As icing on the cake, Ashley accepted Jesus as her savior shortly after the surgery.
Mrs. Hedgepath said God showed the family so much during Ashley’s ordeal and they were touched by the many acts of kindness — from people giving money to help with expenses, to her husband’s never missing a paycheck from his job with Gordon Food Service, to Dr. Clendenin’s asking his church to pray for Ashley, to the excellent facilities at the children’s hospital that enabled the Hedgepath family to stay with Ashley the entire time she was hospitalized.

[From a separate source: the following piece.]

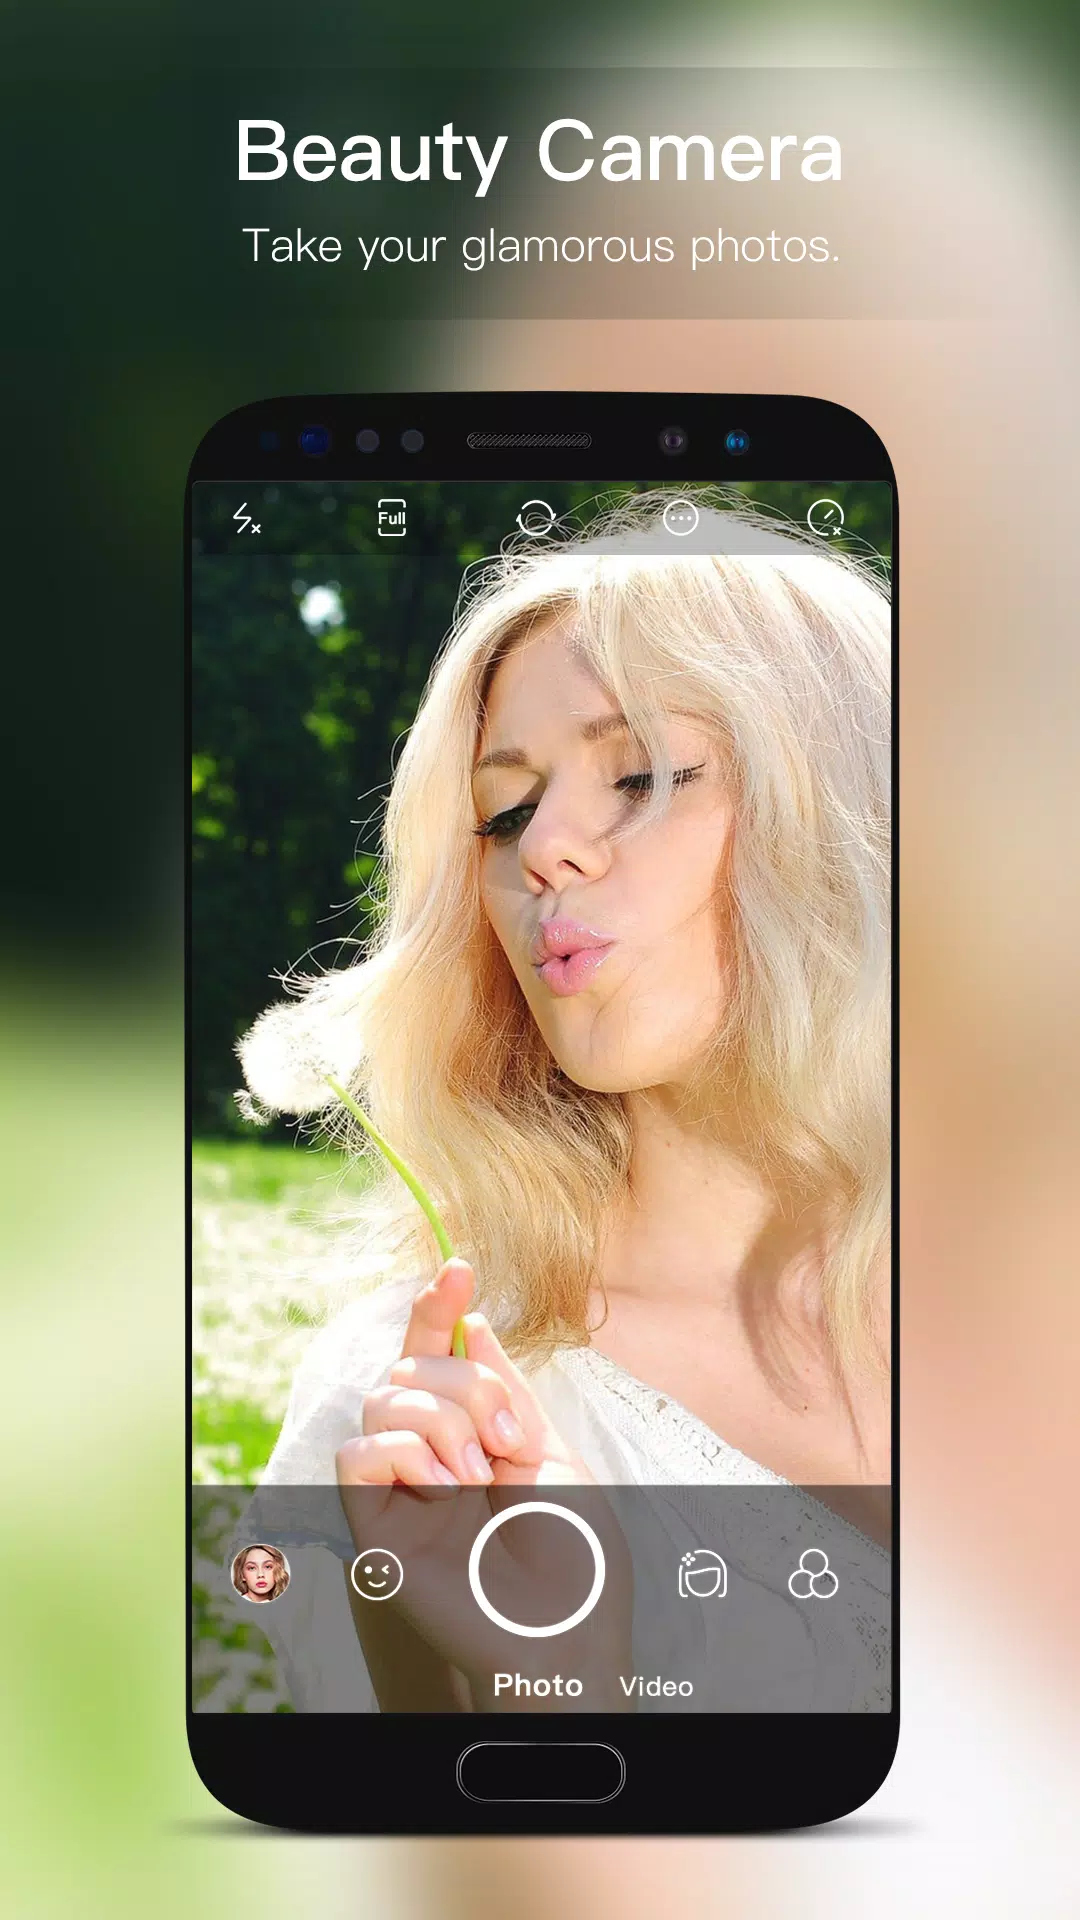 Descarga de APK de Cámara de belleza & selfie para Android
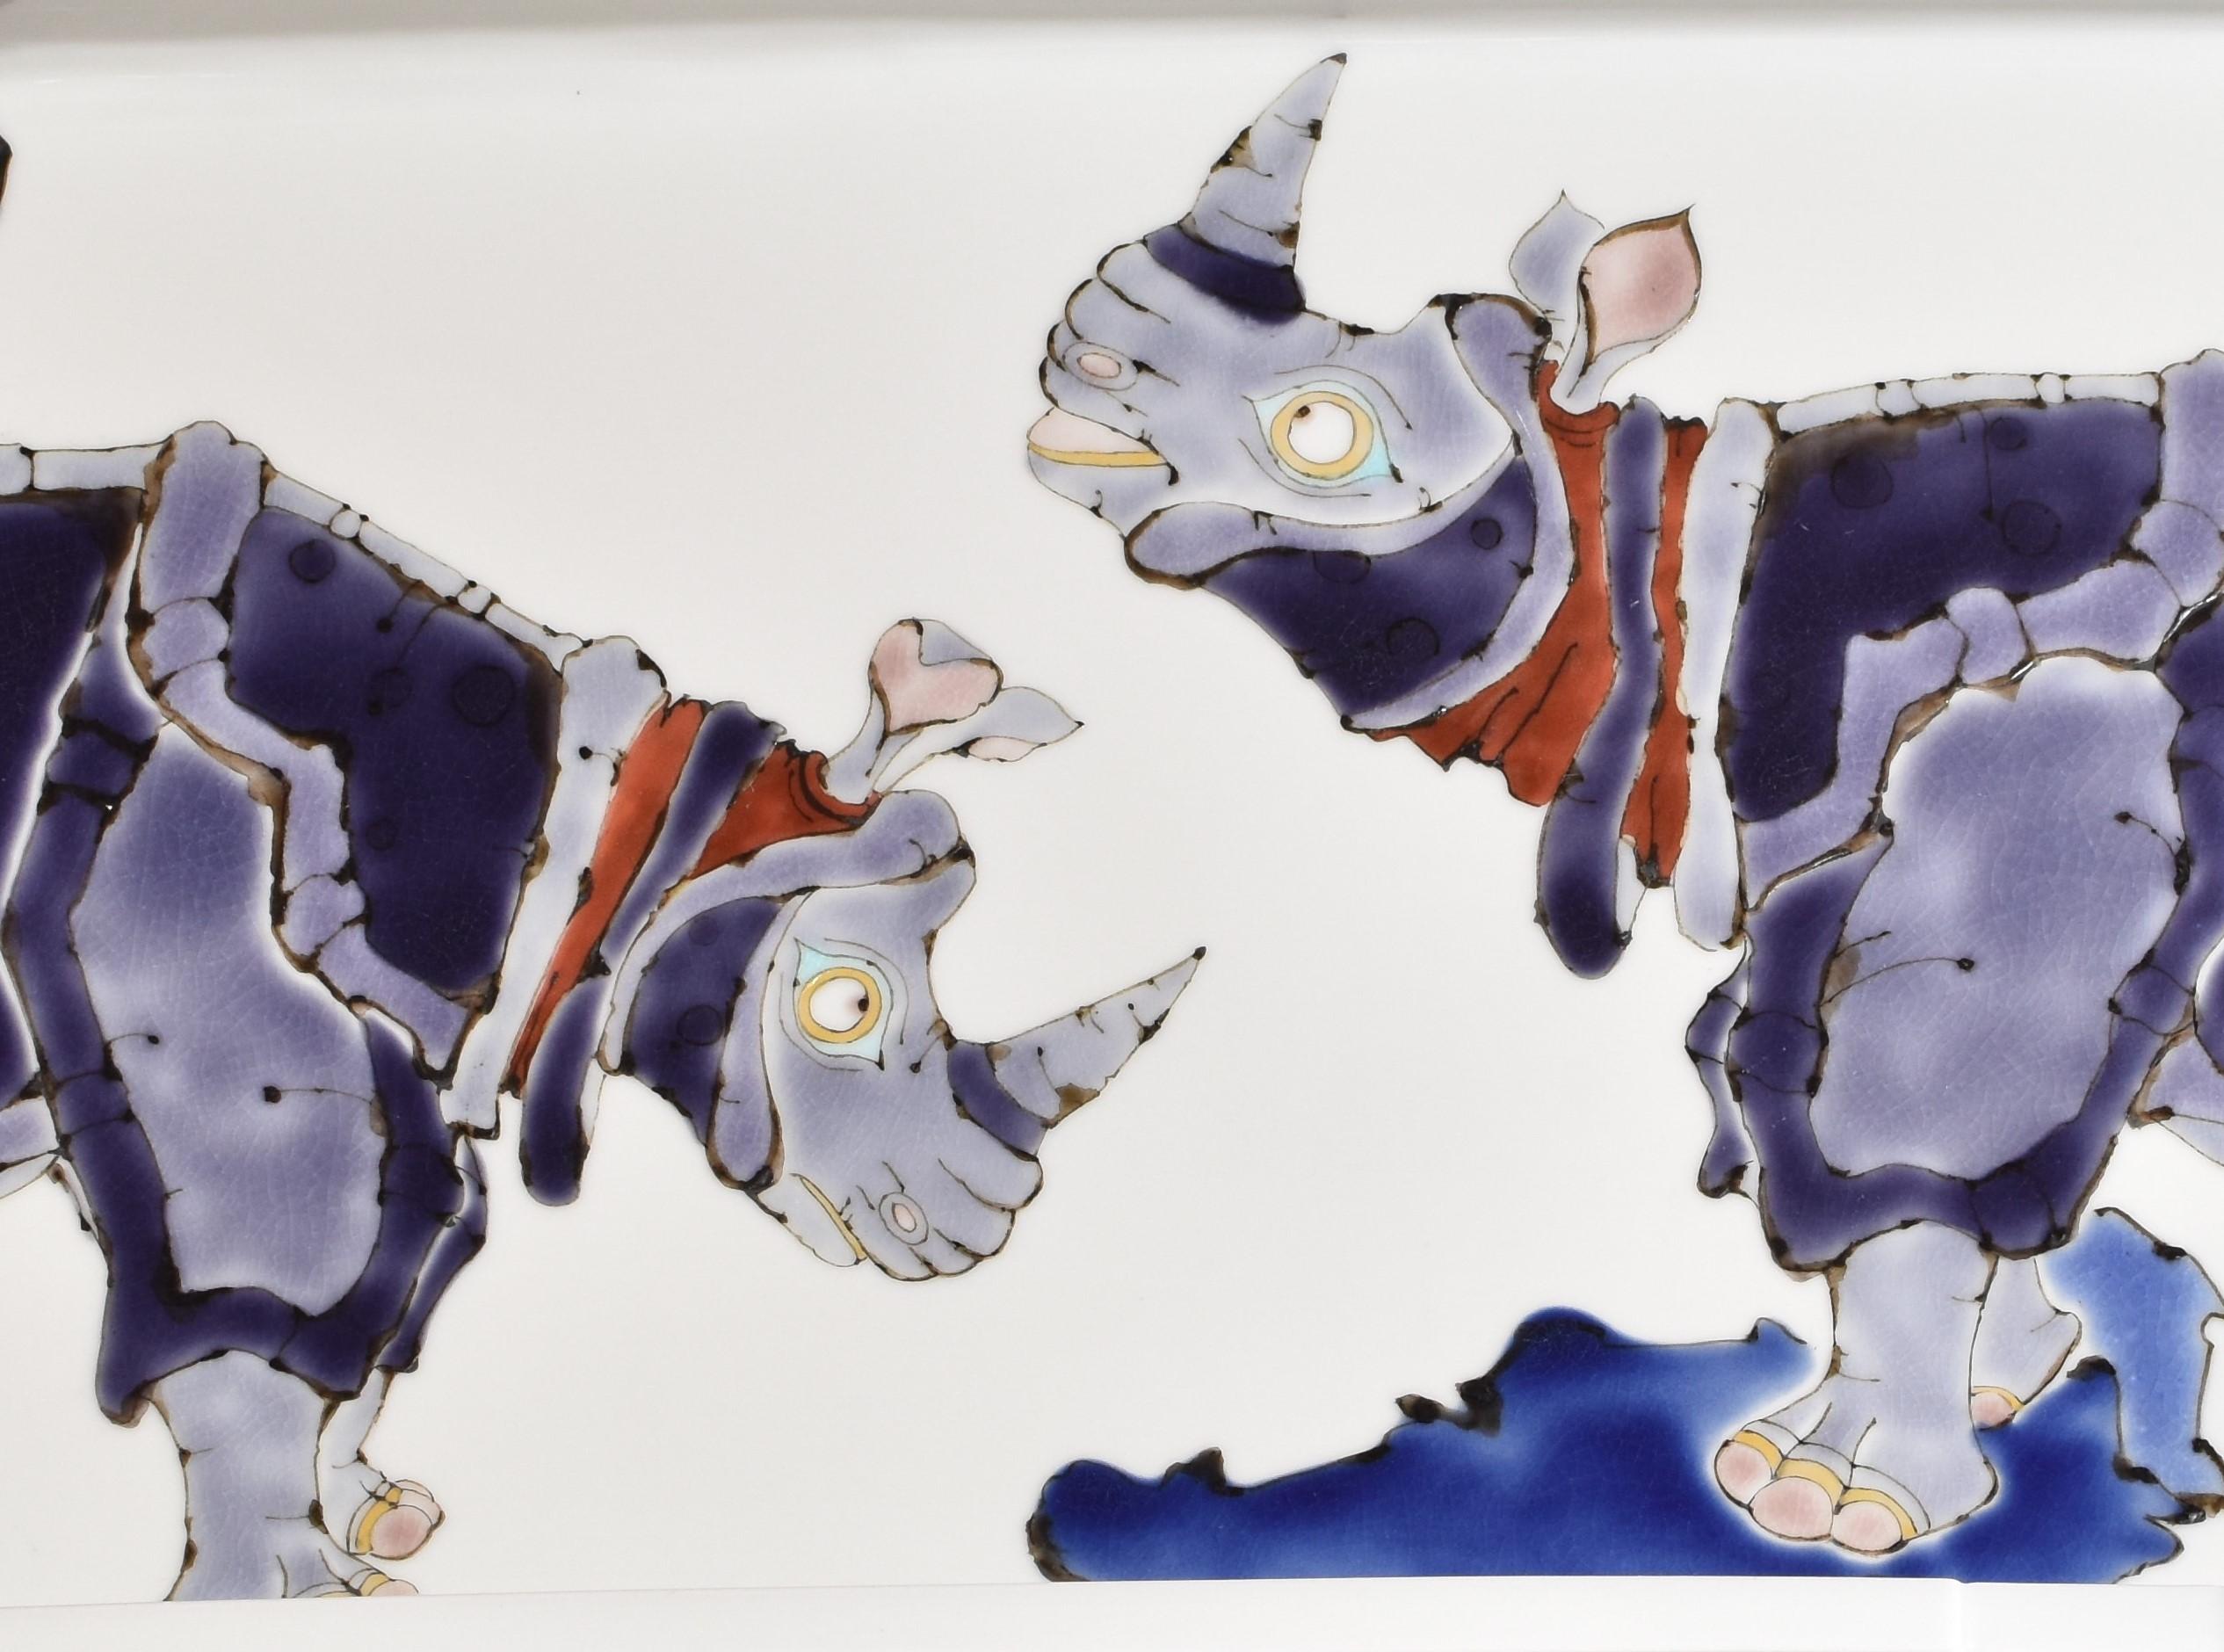 Außergewöhnliche sehr große japanische zeitgenössische dekorative signiert Porzellan Ladegerät, handbemalt auf einem schön geformten rechteckigen Körper in atemberaubenden Farben von Blau und Violett zeigt eine einzigartige Interpretation des

“God provided. We didn’t want or need for anything,” she said. “You find out the goodness of people.”
The excellent facilities at the Monroe Carell Jr. Children’s Hospital at Vanderbilt receive funding from the annual Iroquois Steeplechase, which also raises funds for research, according to Mrs. Hedgepath. This weekend, Ashley and her family will be special guests at the Steeplechase, which Ashley is representing as this year’s child ambassador.
In her capacity as an ambassador, Ashley will have the opportunity to present a trophy during one of the races and has been invited to several special events. Her participation in Saturday’s race will come on the heels of a check-up with a neurologist Friday in Nashville.
Ashley’s ordeal has also opened doors and presented special opportunities for Mrs. Hedgepath, who recently shared teh family’s experience when she spoke at a volunteer luncheon. It provided the perfect opportunity for her to give credit where credit is due.
“I told God, from the start, I would give Him the glory at every opportunity,” Mrs. Hedgepath said. “We want people to know that God is the reason.”